When Wall Street focuses on Washington, volatility often ensues. Such has been the case over the past several weeks. Markets got a boost last week on apparent progress in talks to avert the fiscal cliff -- spending cuts and tax hikes due at the the beginning of next year. However, the opposite effect has occurred over the past two days on word Congress may be deadlocked once again. Indeed, top lawmakers on both sides of the aisle pointed to limited progress and resorted to criticizing the other party.
Economists and political analysts broadly expect a deal to get done because the economic consequences would be so severe. However, the uncertainty over the shape and timing of a deal has in the past roiled financial markets, led ratings companies to threaten America's credit rating and weighed on consumer confidence.
"With just over four weeks to go, the mixed signals out of Washington yesterday are further reminders that talk alone (happy or otherwise) is insufficient in dealing with the fiscal cliff," analysts at Nomura wrote in a note to clients.
On the economic front, traders will get fresh data on the housing market. Sales of new homes are expected to have risen to an annualized pace of 390,000 units in October from 389,000 the month before. The closely-followed S&P/Case-Shiller report released Tuesday showed home prices in 20 major metropolitan markets having increased in September.
In general, data have pointed to continued recovery for the embattled housing market. However, economists are quick to point out that the rebound has come from very depressed levels.
At 2:00 p.m. ET, the Federal Reserve releases its Beige Book, an anecdotal report on the U.S. economy broken down by the 12 Fed districts. Economists will specifically be looking for the central bank's view of the economy, housing market, inflation and headwinds to growth.
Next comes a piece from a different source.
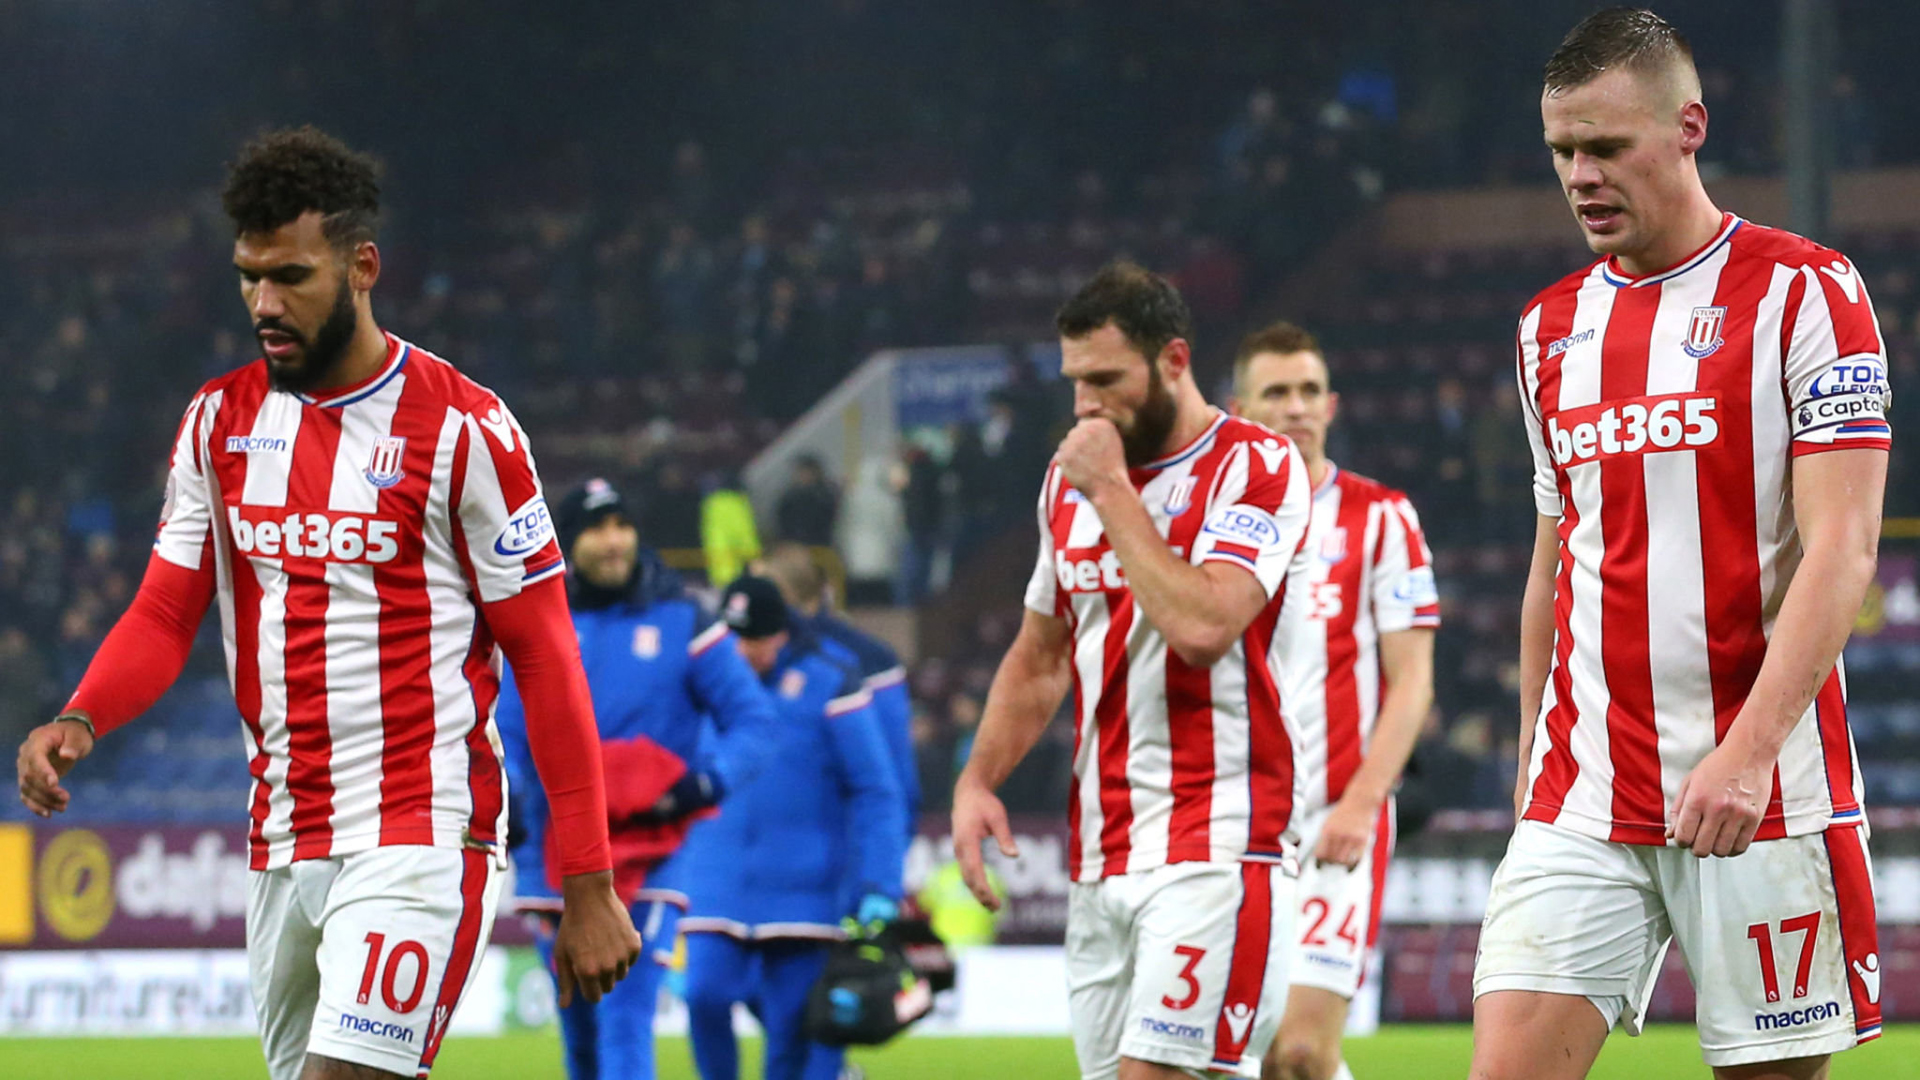 Patrick van Aanholt's goal denied Stoke a draw that would have kept alive their survival hopes until at least later on Saturday

The report may have information on the impact of Hurricane Sandy as well, economists said ahead of the report.
Oil futures slumped for the third day in a row. The benchmark crude contract slipped 72 cents, or 0.81%, to $86.46 a barrel. Wholesale New York Harbor gasoline dipped 0.44% to $2.72 a gallon.
In metals, gold fell $7.30, or 0.42%, to $1,737 a troy ounce.
The Euro Stoxx 50 fell 0.47% to 2531, the English FTSE 100 dipped 0.2% to 5788 and the German DAX slumped 0.22% to 7316.
In Asia, the Japanese Nikkei 225 sold off by 1.2% to 9308 and the Chinese Hang Seng dropped 0.62% to 21709.